Notebook Assignment #2
Language as a Circulation of Cultural Identity
The language that we speak is a reflection of the nation from which we hail. It allows us to communicate with those who share our nationality, while also demonstrating to foreigners where it is that we come from. However, through a history of global intermingling, the significance of language has expanded beyond these more basic origins. Immigration, colonization, and forced servitude have all contributed to the blurring of lines between peoples, and the sharing of language through these mediums has altered their significance.
Prior to the era of New World exploration, indigenous peoples all throughout the Americas spoke the languages of their individual tribes. Thousands of different languages for thousands of tiny sovereign nations, built on thousands of years of history and culture, completely independent from that of the European nations. Then came Columbus and the Spaniards. Along with the guns, germs, and steel, these militant explorers also brought their language with them. Forcing generations of native peoples under Spanish colonial rule to learn the language of their captors was a show of power and dominance on behalf of the Spanish crown that effectively snuffed out the unique languages of hundreds of native tribes.
This replacement of a native language with that of the colonial powers was not unique to Spanish controlled Central and South America. The French imposed their language on modern day Canada, and the British did the same in what became the first American colonies. The Portuguese carved out a large portion of the South American continent that is now Brazil. And nearly every Western power claimed some part of the African continent when the time came.
In fact, even in Europe peoples considered “less civilized” were colonized and oppressed. The British made it illegal to speak the Gaelic language aloud when the Scottish people under their colonial control attempted to reclaim their lands. This oppression of their native language was the beginning of the end of traditional Highlander culture and all recognizable practices of the clans quickly followed.
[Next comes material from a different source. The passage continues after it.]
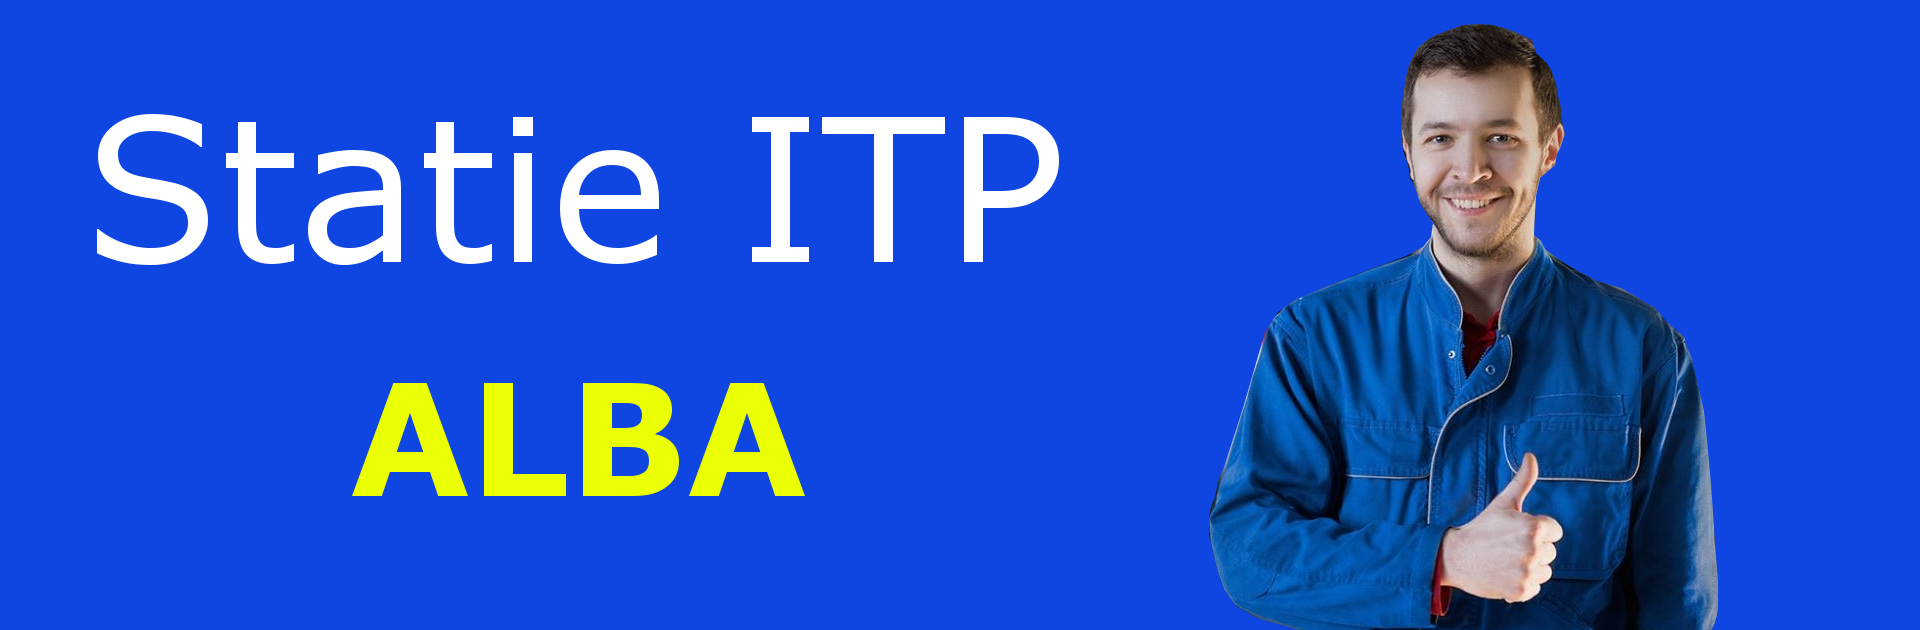 Banner ITP ALBA

Today, many native tribes work diligently to revitalize the old cultural practices of their peoples from before the times of colonization, and some tribes have been able to relearn and reclaim at least some of their native languages. But still many more tribes have lost that piece of themselves to history forever.
My mother’s family is Portuguese, but they come from the Azores, a chain of islands that have been under the control of Portugal for centuries. Only a handful of her family members still speak Portuguese, and most of them have such a thick accent, either from the islands or from the Massachusetts communities that they immigrated to, that their words are unrecognizable to mainland Portuguese citizens. My mother’s entire generation of the family learned to speak English first, and most of them are not fluent in Portuguese at all. No one in our family alive today speaks the indigenous language of the Sao Miguel native peoples.
My father’s family is Irish, and not unlike the Scottish Highlands, the regions from which they hail have been under British control for centuries. Every single one of them speaks English and English alone. Gaelic has been completely lost despite our Irish heritage because of the heavy-handed ruling tactics of the British monarchy.
I am Portuguese and Irish, but I am neither fluent in Portuguese nor Gaelic. I speak English because it is the dominant language of the country in which I was born and raised. I also speak some Spanish because it is the second most commonly spoken language in the region where I live. Neither are the languages of my heritage, but they define me all the same.